##### Available data

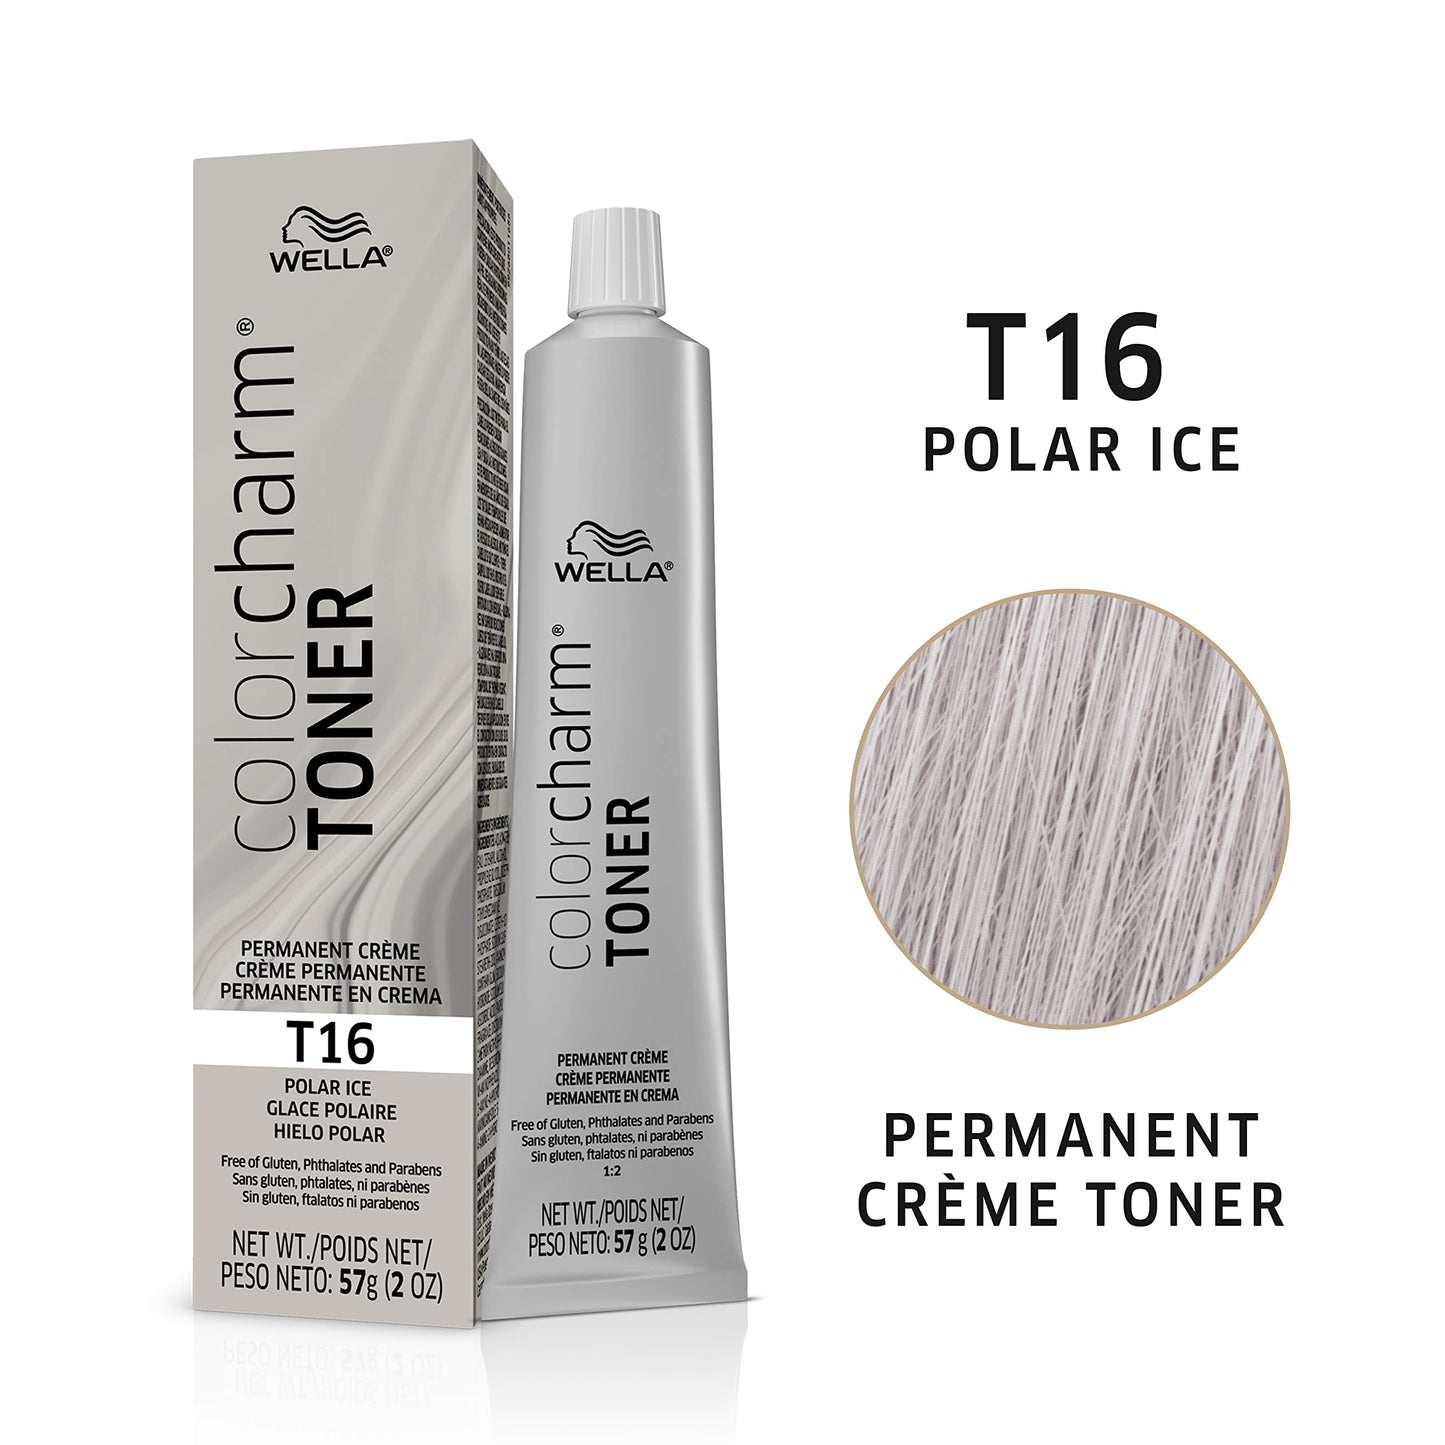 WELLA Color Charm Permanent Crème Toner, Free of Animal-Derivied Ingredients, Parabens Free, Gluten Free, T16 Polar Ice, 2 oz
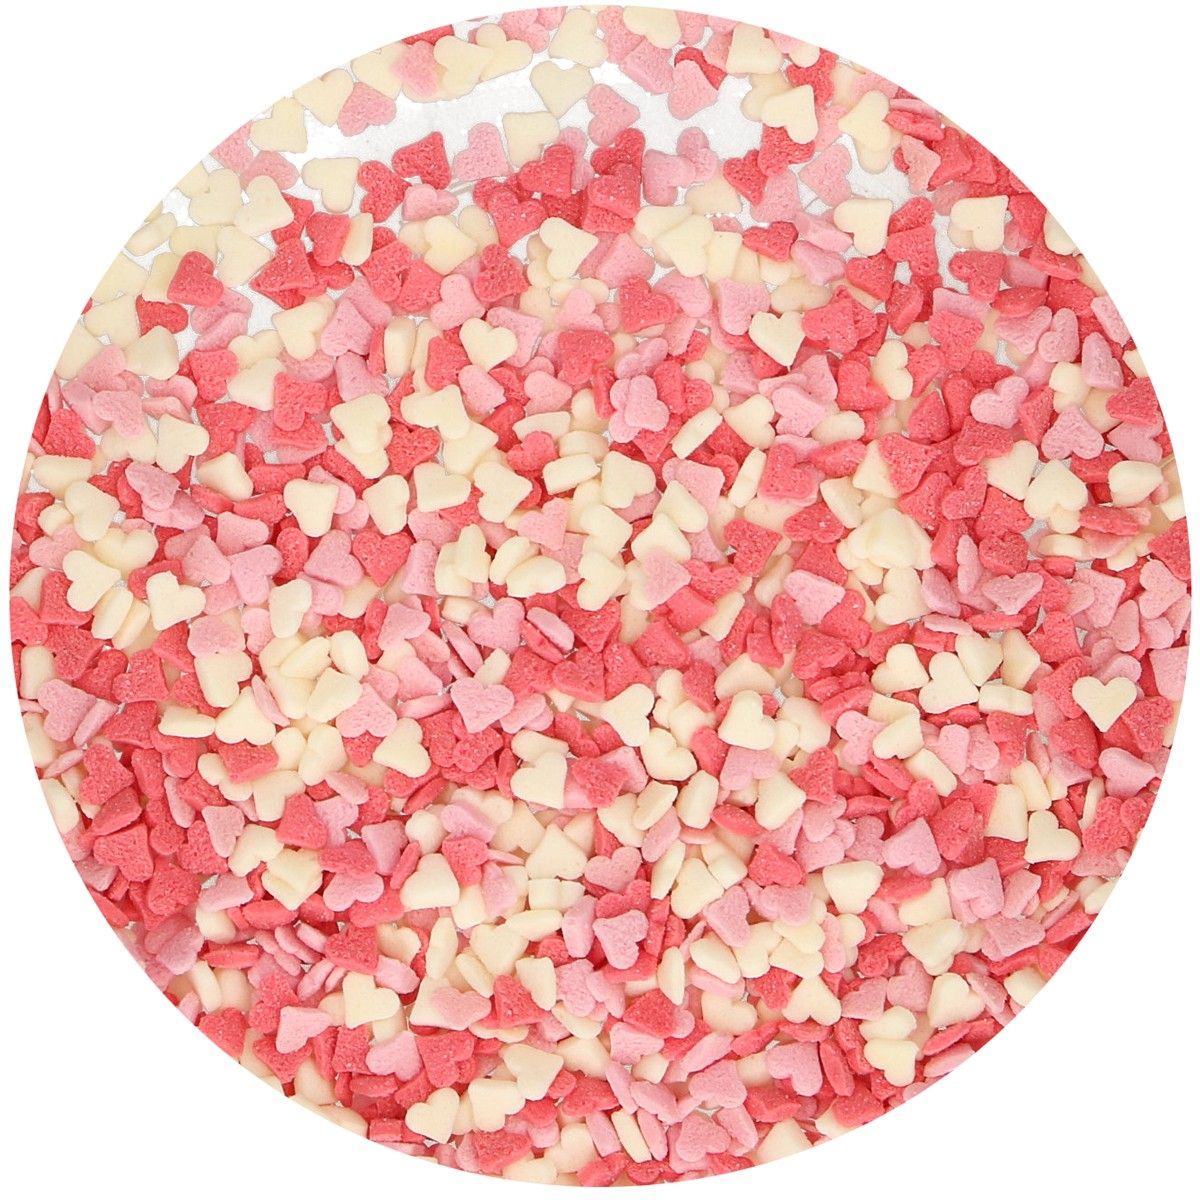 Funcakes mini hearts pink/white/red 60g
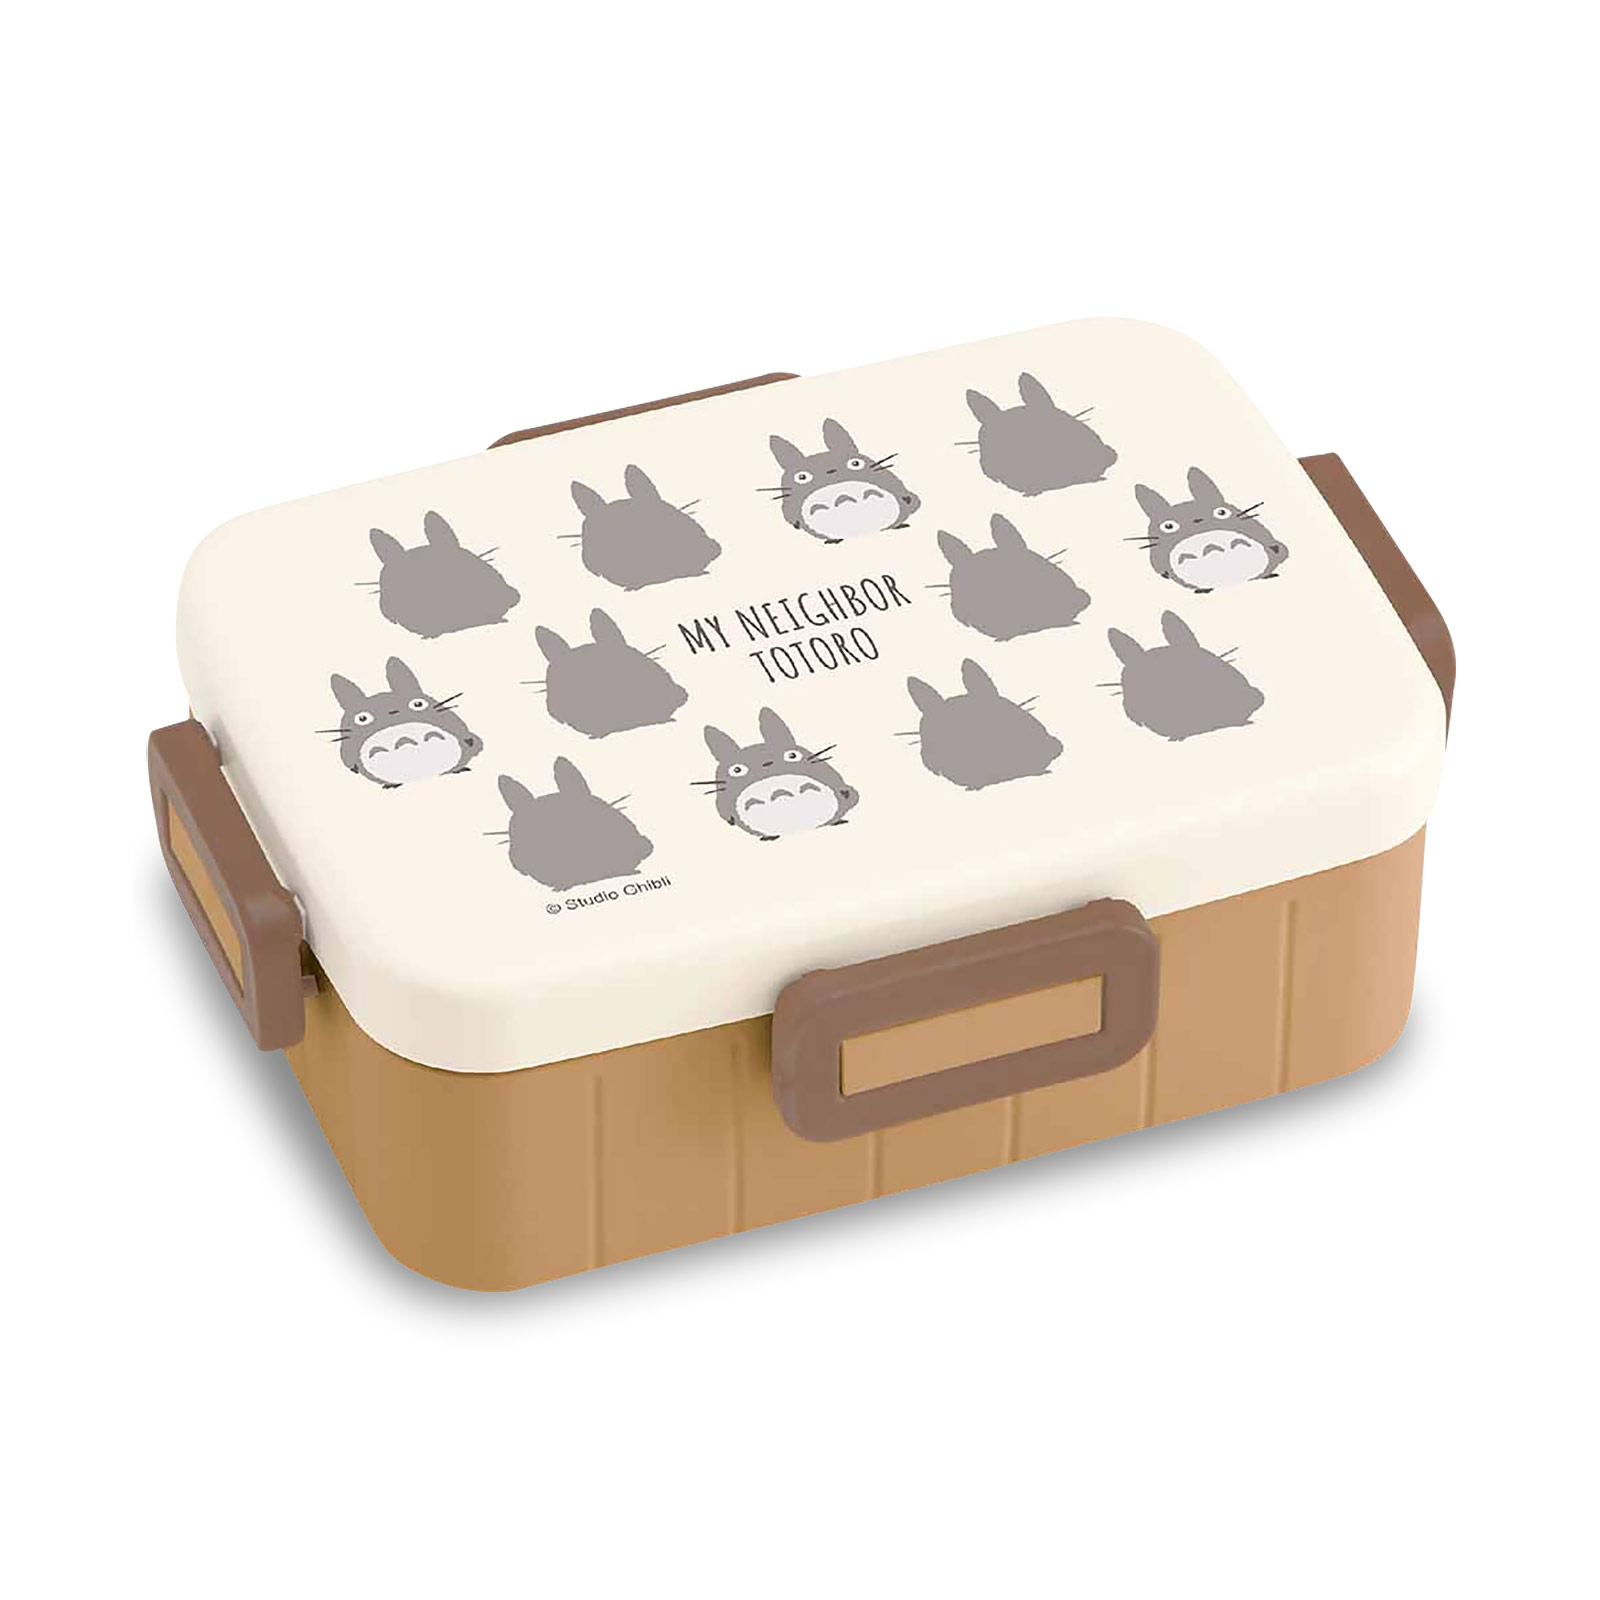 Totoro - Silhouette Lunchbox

##########

Output the span from the line with "Funcakes mini hearts pink/white/red 60g" through the last line of the data, inclusive and exact, and omit every picture.

*Written reply*.
 Funcakes mini hearts pink/white/red 60g
 Totoro - Silhouette Lunchbox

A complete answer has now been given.